### ACTIVITY
In the records below, begin at the line that has "gelben Textmarker markiert." and stop after the line that has "CAPCOM - Monster"; quote those lines verbatim and nothing more.

### ENTRIES SHOWN
┏━━
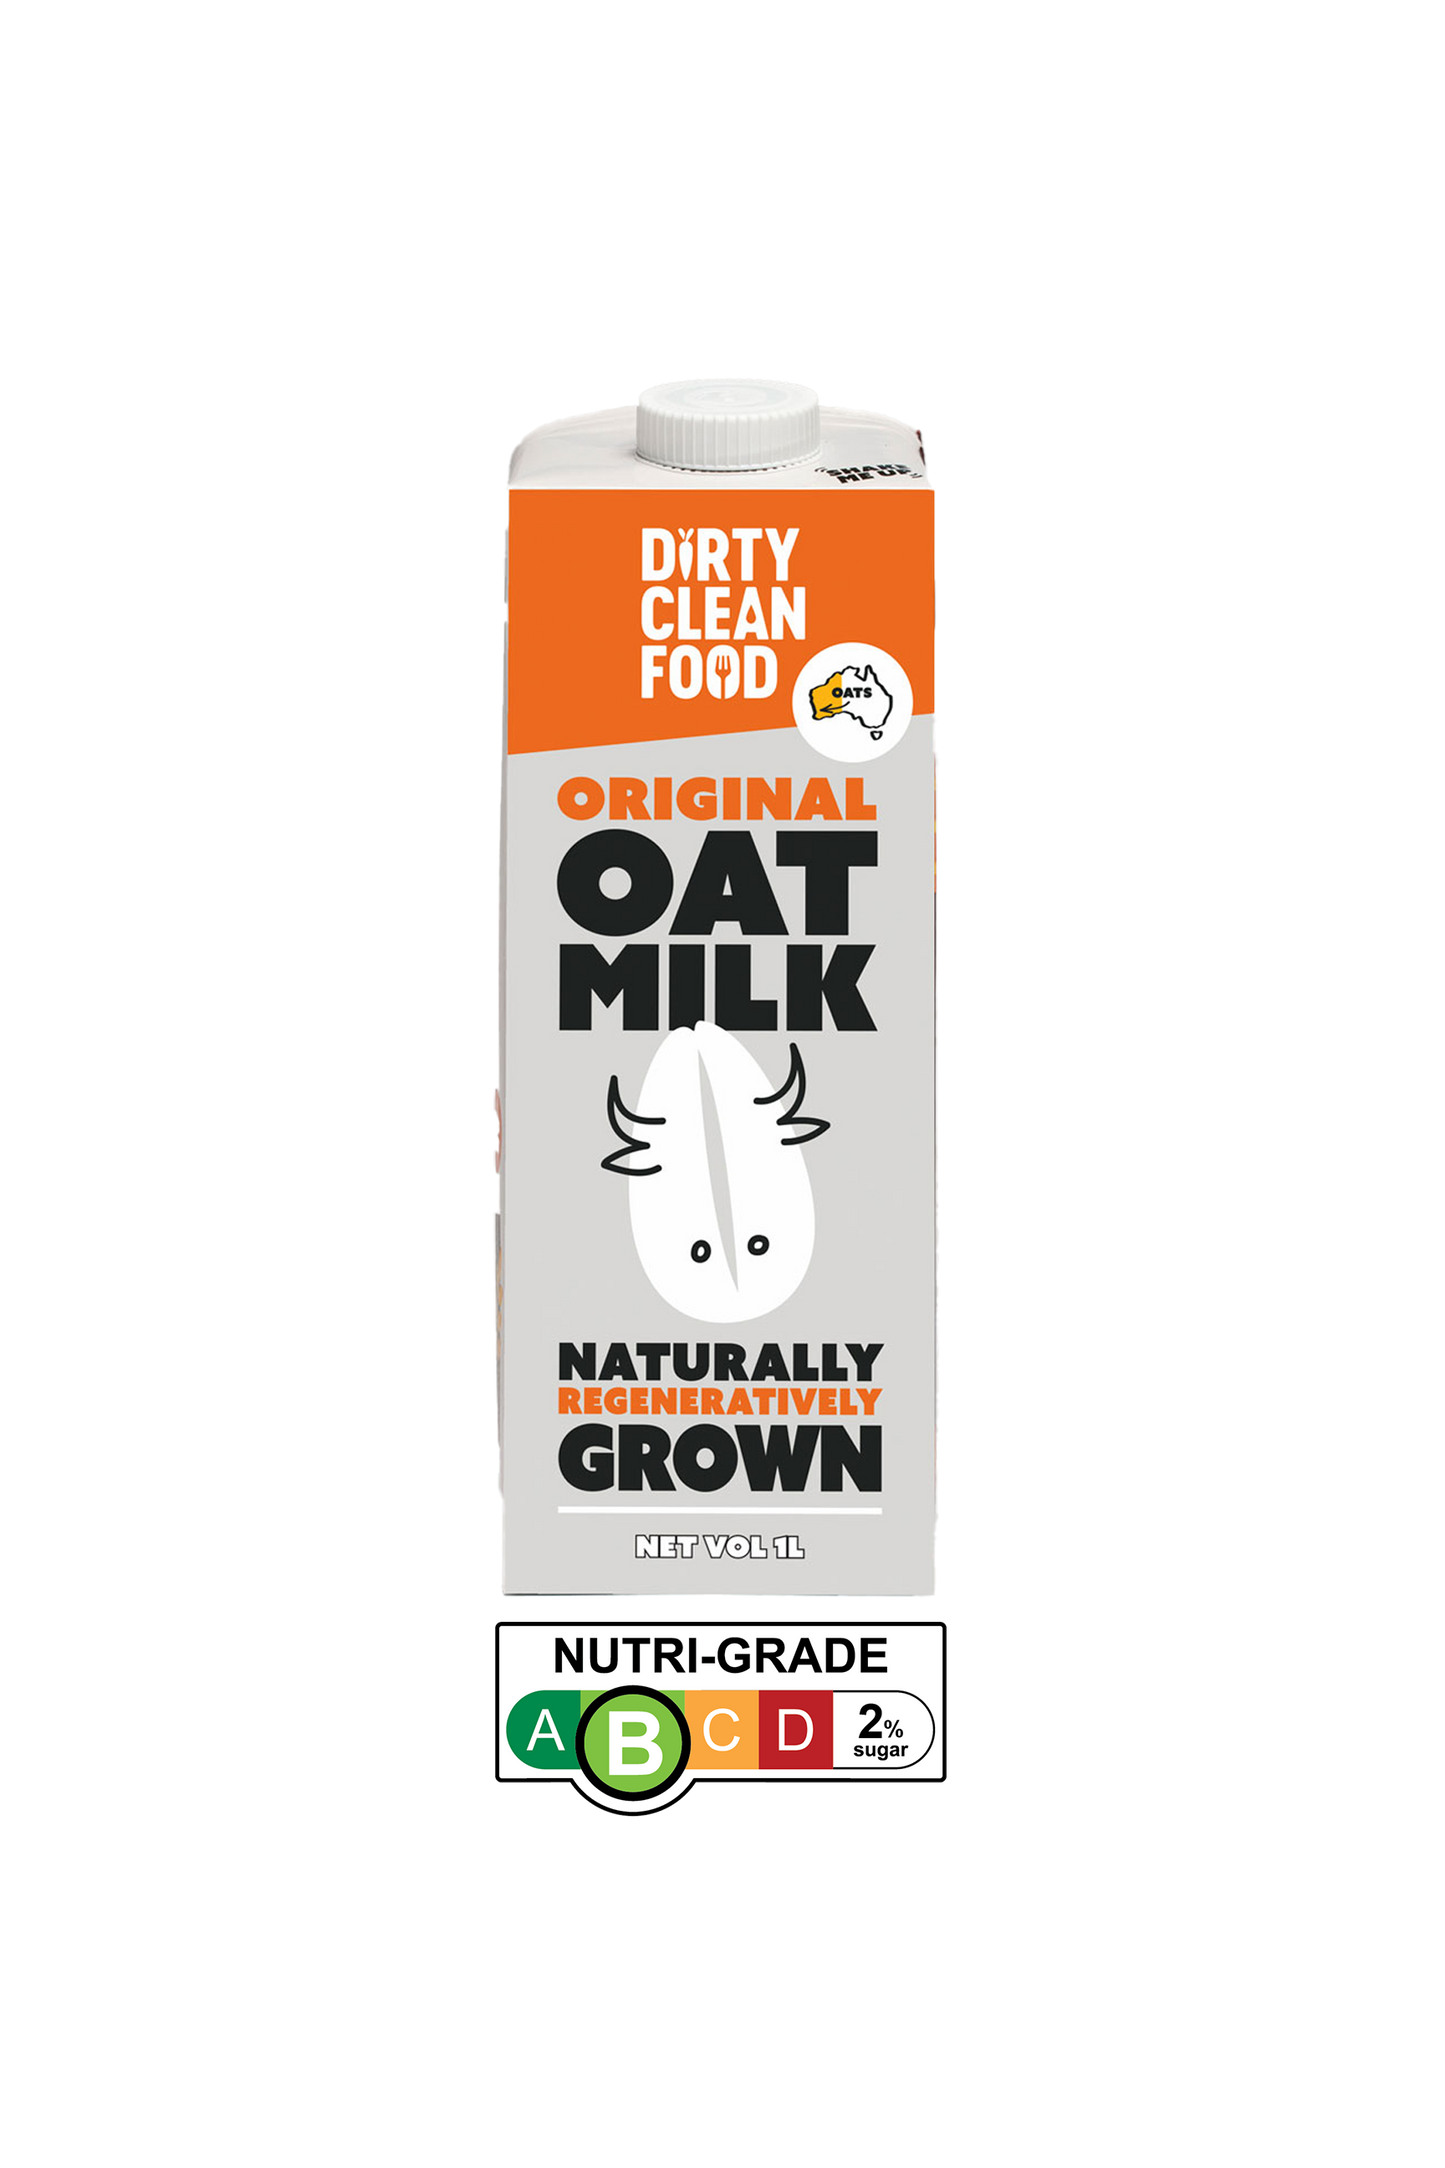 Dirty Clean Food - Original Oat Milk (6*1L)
┗━━
┏━━
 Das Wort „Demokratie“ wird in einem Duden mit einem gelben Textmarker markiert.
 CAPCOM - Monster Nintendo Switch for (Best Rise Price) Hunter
┗━━
┏━━
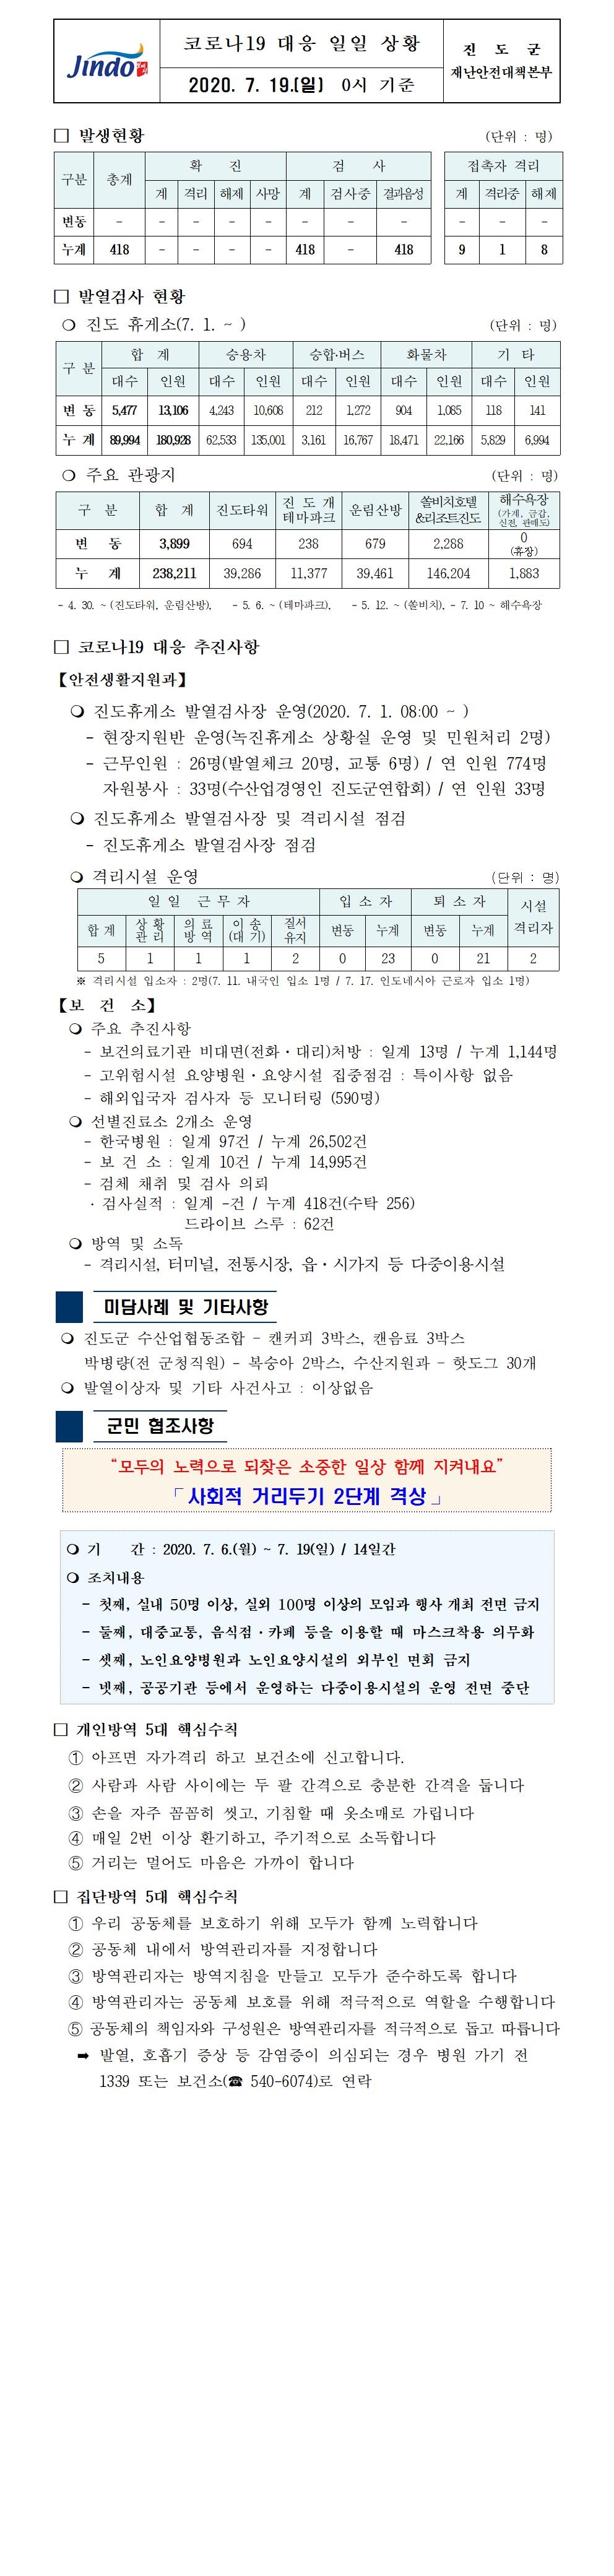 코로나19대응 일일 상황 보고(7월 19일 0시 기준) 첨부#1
┗━━
### SOLUTION
 Das Wort „Demokratie“ wird in einem Duden mit einem gelben Textmarker markiert.
 CAPCOM - Monster Nintendo Switch for (Best Rise Price) Hunter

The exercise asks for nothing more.